What is required = Leaving out the pictures, write out exactly each line from the line with "(Imagine he&rsquo;s shouting" through the close of the listing below.

[Data section Boundary: Start]

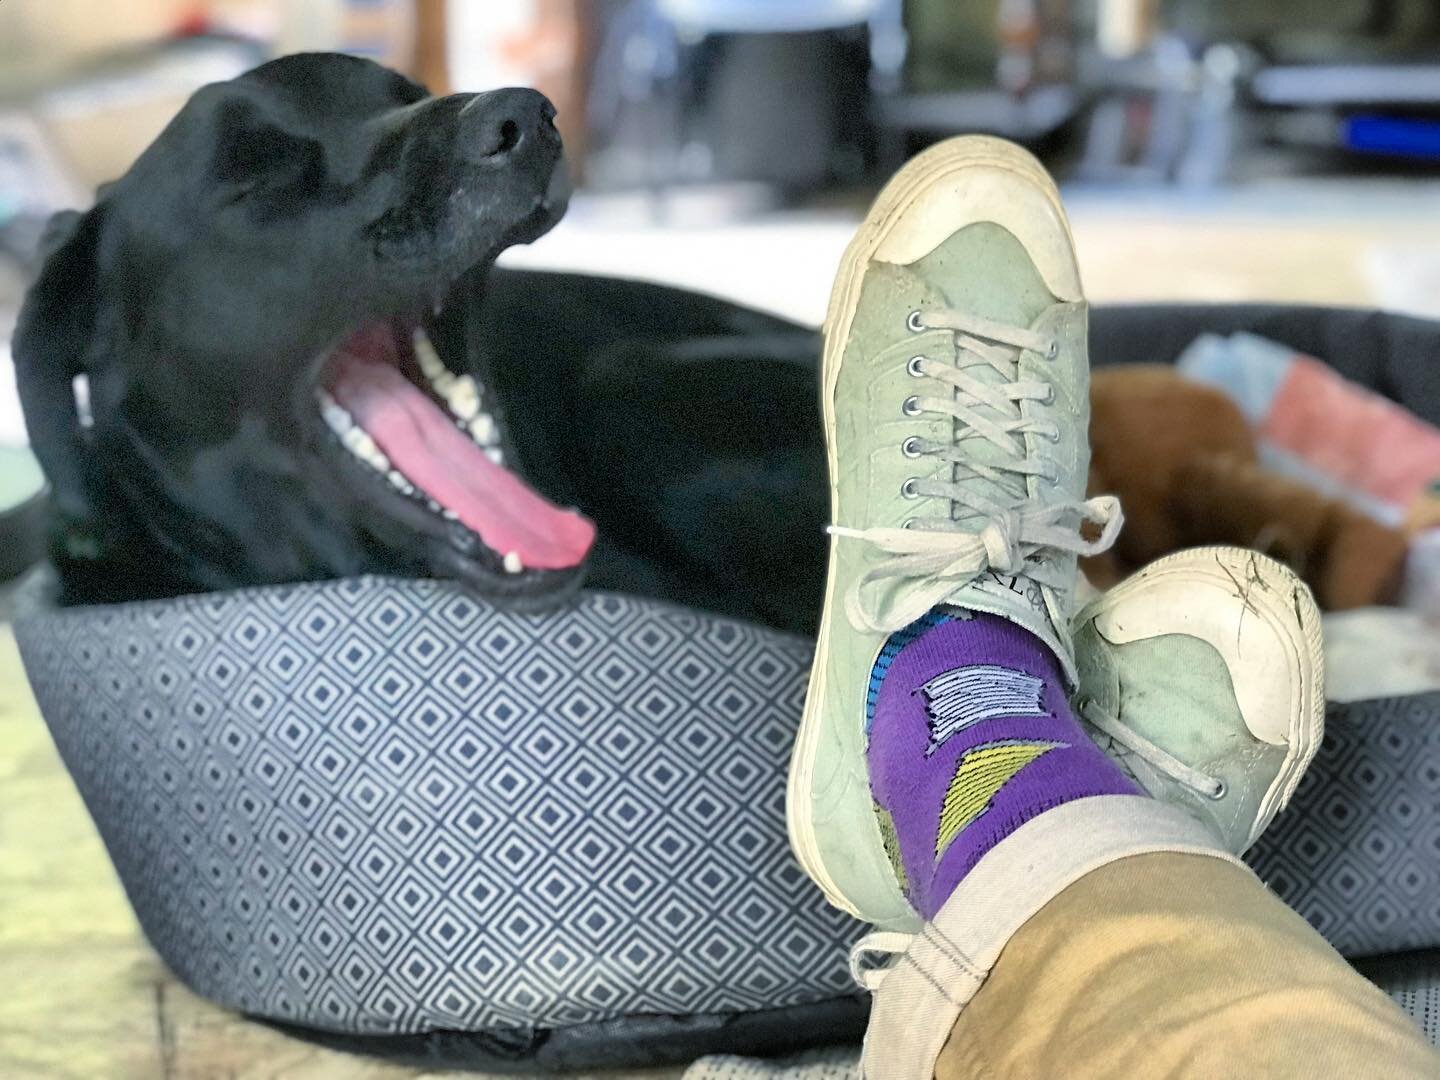 Henceforth all of my product photos will feature our yawning dog 🥳
(Imagine he&rsquo;s shouting &lsquo;roll up, roll up, get your sewing thread socks here! Chapeau wants more treats!&rsquo;)
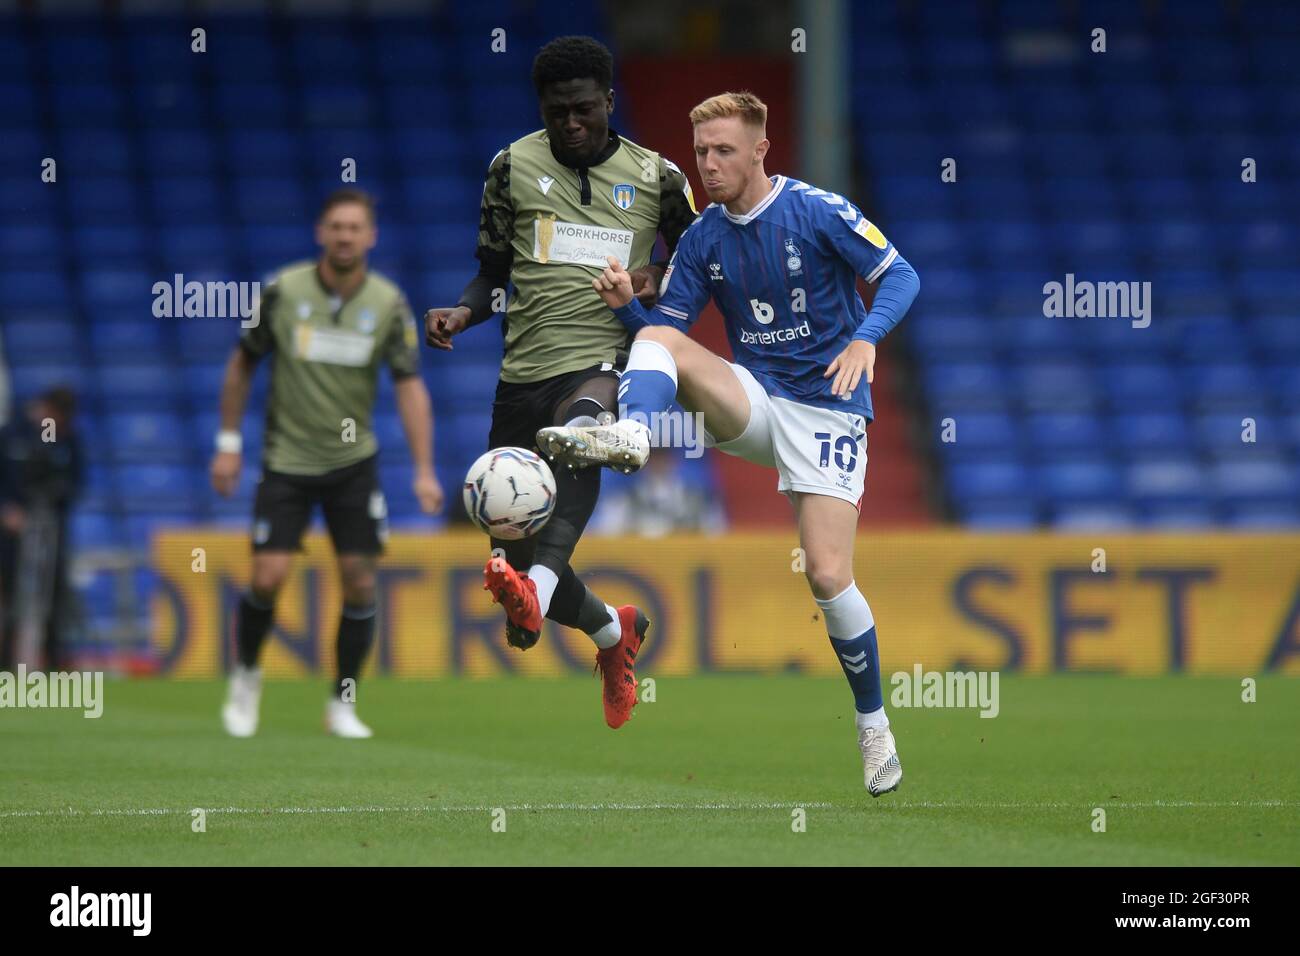 Brendan Wiredu of Colchester United does battle with Davis Keillor-Dunn of Oldham Athletic - Oldham Athletic v Colchester United, Sky Bet League Two, Boundary Park, Oldham, UK - 21st August 2021  Editorial Use Only - DataCo restrictions apply Stock Photo

[Data section Boundary: End]

Written answer =
(Imagine he&rsquo;s shouting &lsquo;roll up, roll up, get your sewing thread socks here! Chapeau wants more treats!&rsquo;)
 Brendan Wiredu of Colchester United does battle with Davis Keillor-Dunn of Oldham Athletic - Oldham Athletic v Colchester United, Sky Bet League Two, Boundary Park, Oldham, UK - 21st August 2021  Editorial Use Only - DataCo restrictions apply Stock Photo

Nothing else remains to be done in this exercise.